Когда наступал вечер и кончались те немногочисленные заботы, что случаются на судне при долгой стоянке, скука, граничащая с тоской, овладевала моряками. Не хотелось расходиться по каютам, оставаться наедине с бесконечными, чаще всего нерадостными думами. На людях все же было немного легче, хотя и со сослуживцами давным-давно обо всем переговорено. Поэтому вечерами комсостав подолгу засиживался в кают-компании, команда — в красном уголке; а если позволяла погода, и те и другие собирались на передней палубе. Лениво, без азарта, забивали «козла», стуча алюминиевыми костяшками по люкам закрытых трюмов; тут же, у гусениц танков, обтянутых брезентом, играли в шахматы; порой кто-нибудь негромко затягивал песню, и моряки, притихнув, отрывались от костяшек и шахматных досок, прислушивались, вздыхали… Всем осточертела стоянка. Истосковались по шелесту воды у бортов, по дрожанию палубы под ногами, по прерывистому гулу выхлопных патрубков на срезе дымовой трубы. По ходовым, а не нудным якорным вахтам.

Было и другое, о чем старались не говорить… Фронтовые сводки, которые принимал и затем вывешивал радист, поступали одна горше другой. Бои шли под Воронежем и Ростовом, в Донбассе, гитлеровцы рвались к Кавказу. Там, на фронтах, бойцы истекали кровью, дрались за каждую деревеньку, за каждый километр советской земли. Они нуждались в боезапасе, в оружии — в том самом, что неподвижно и пока бесполезно покоилось на палубах и в трюмах «Кузбасса». Его бы туда, в гущу боев! Но от остывших двигателей «Кузбасса» уже какую неделю тянуло кислым запахом холодного металла. Такой же запах все прочней устанавливался и в рубках, даже в каютах… И хотя моряки не были повинны в том, что торчали вместе с военными ценными грузами за тысячи миль от фронта, все же подспудное чувство неловкости нет-нет да и закрадывалось в души. Мужчинам, труженикам, им нелегко было бездельничать в то время, когда народ напрягал все силы, чтоб выстоять, победить.

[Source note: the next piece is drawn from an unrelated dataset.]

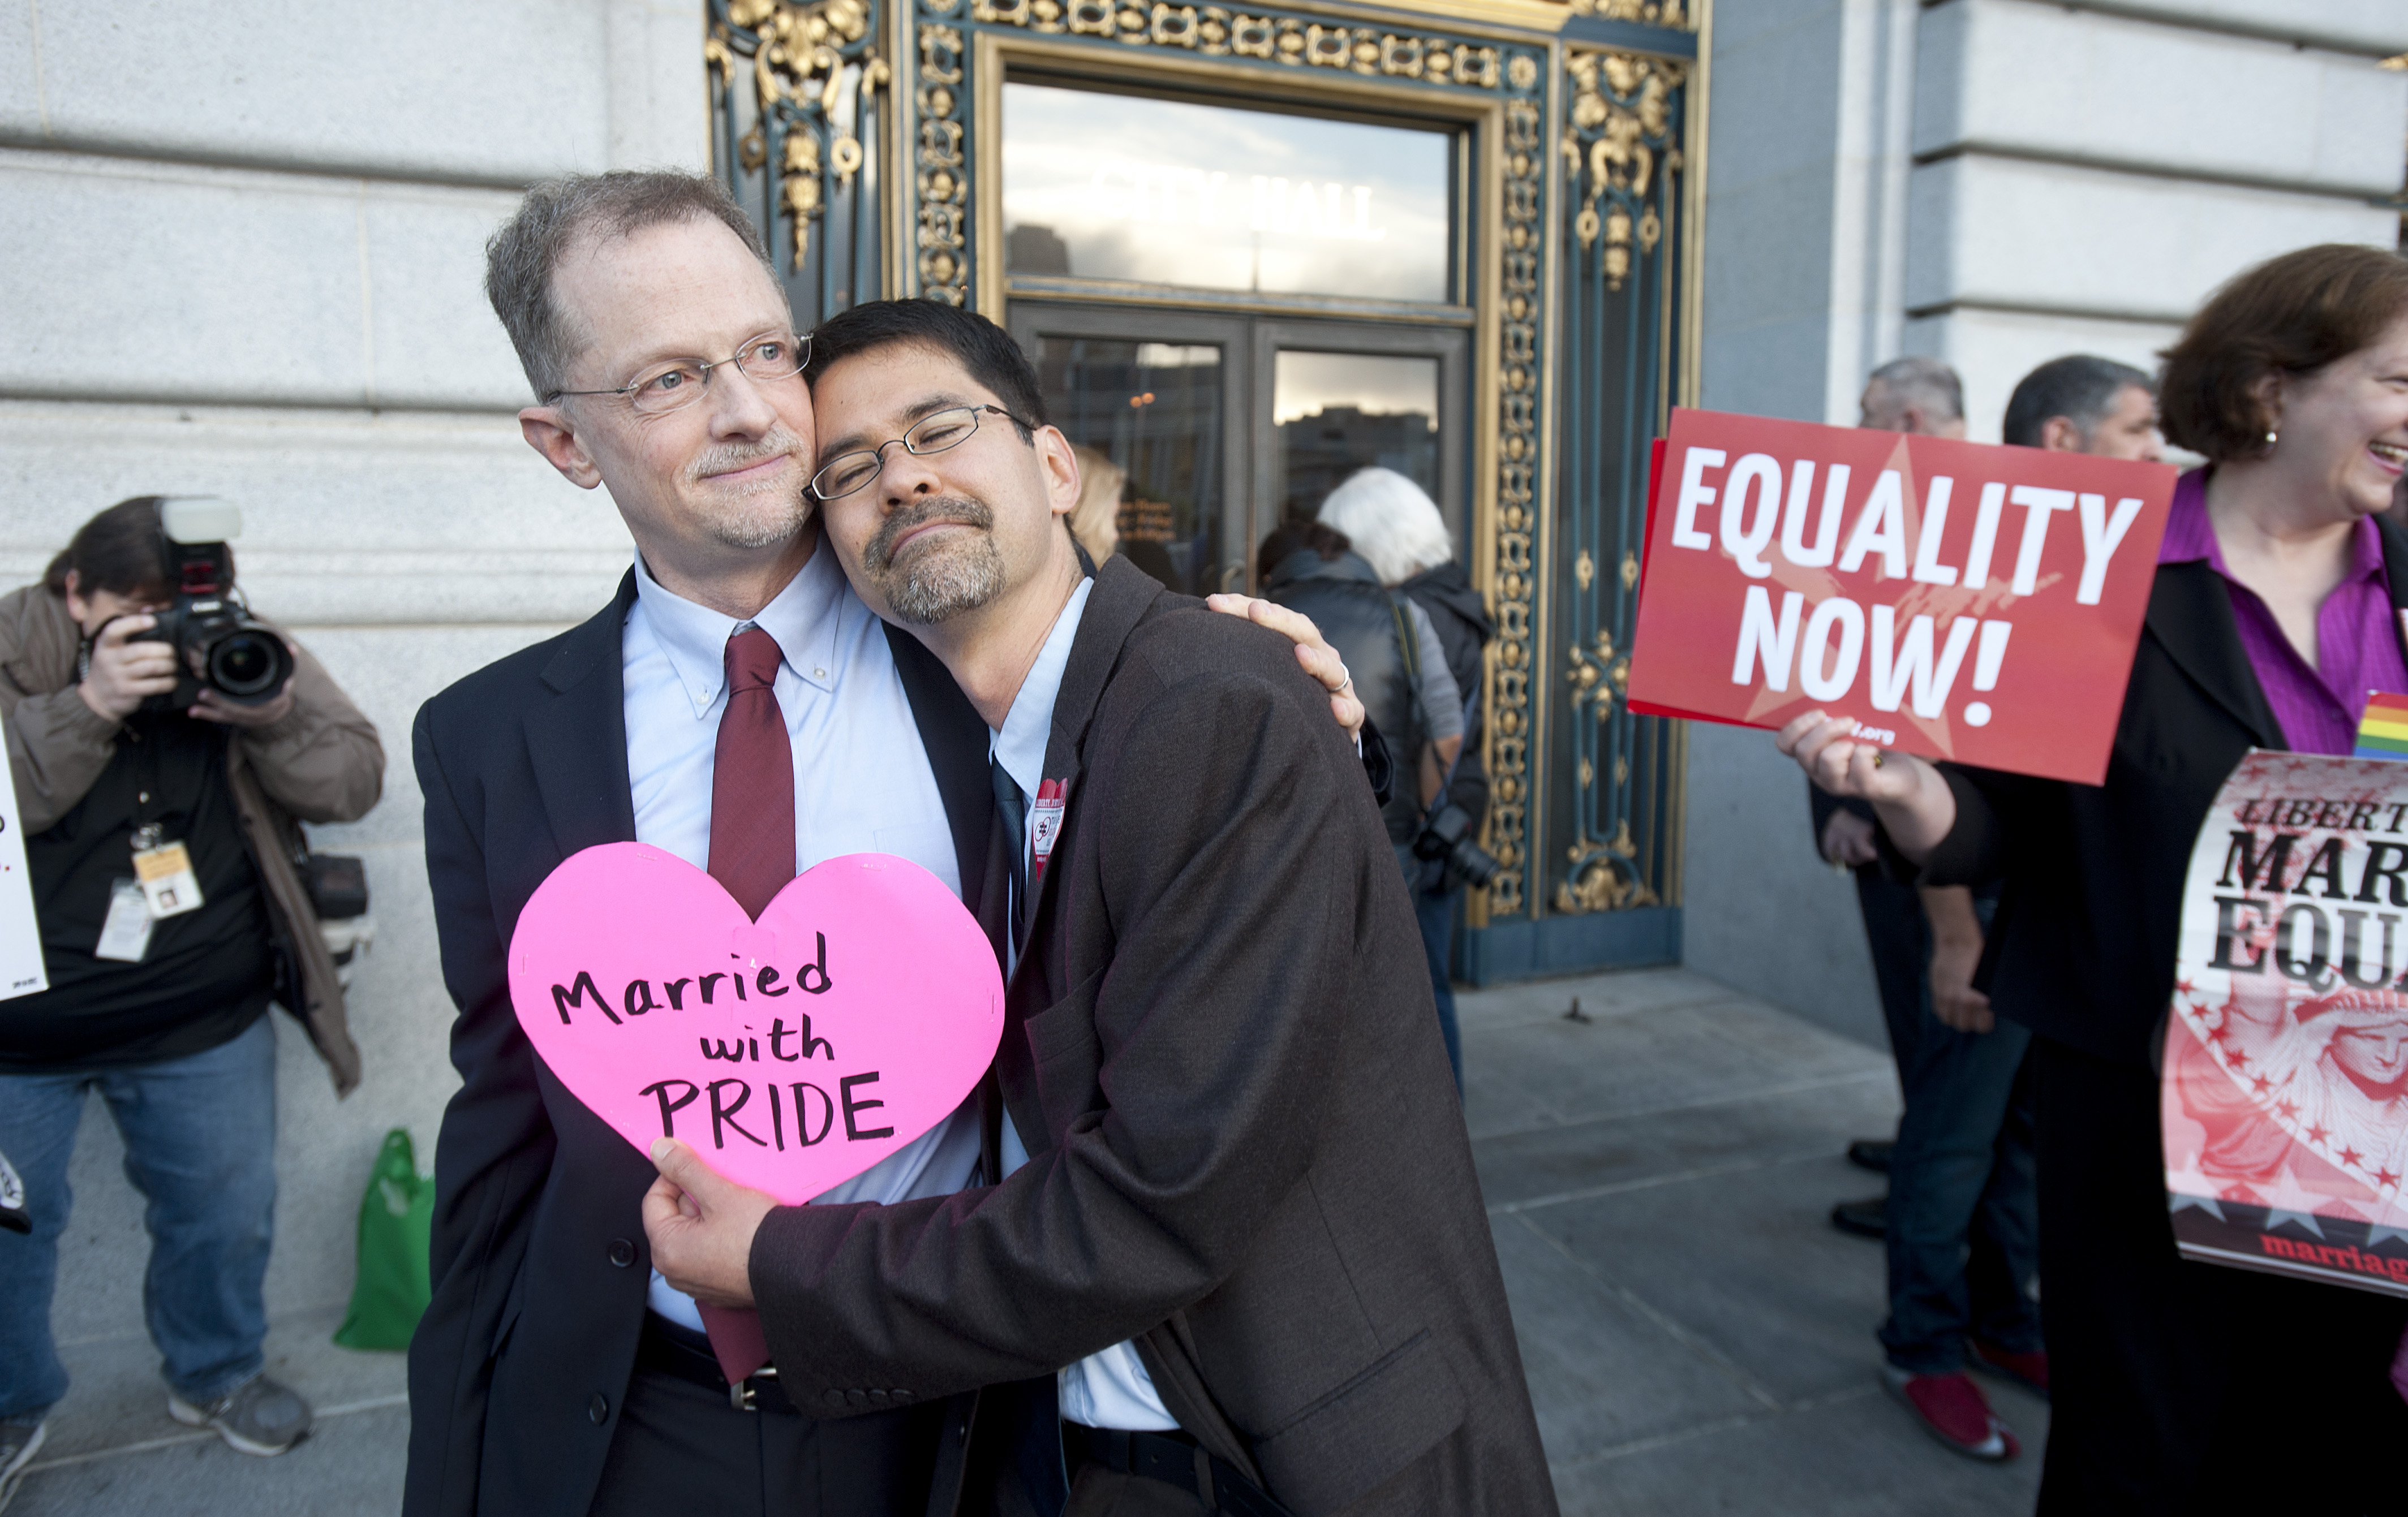 One Year After Doma Ruling Same Sex Couples Still Face Benefits Gaps 4367

Самое трудное на судне, когда нечем заняться. Ощущать каждую минуту свое бессилие чем-либо помочь фронту, родному берегу, близким. Как они там? Нуждаются, голодают? После таких раздумий варево в горло не лезет, хоть его пока на «Кузбассе» хватает… А боцман, хоть и держит «Кузбасс» в образцовом порядке, уже не в силах придумать для всех работенку: палубы вычищены, все, что надо, подкрашено, медяшка сверкает как чертов глаз. Старые канаты распущены, и матов и кранцев из них сплетено на несколько лет вперед. Что ж тут еще придумаешь? Тоска! А британские военно-морские чины словно воды в рот набрали.

— Все-таки с американцами надежней работать, — слышал уже не однажды Лухманов от матросов. — Довели от Галифакса в Исландию как по маслу.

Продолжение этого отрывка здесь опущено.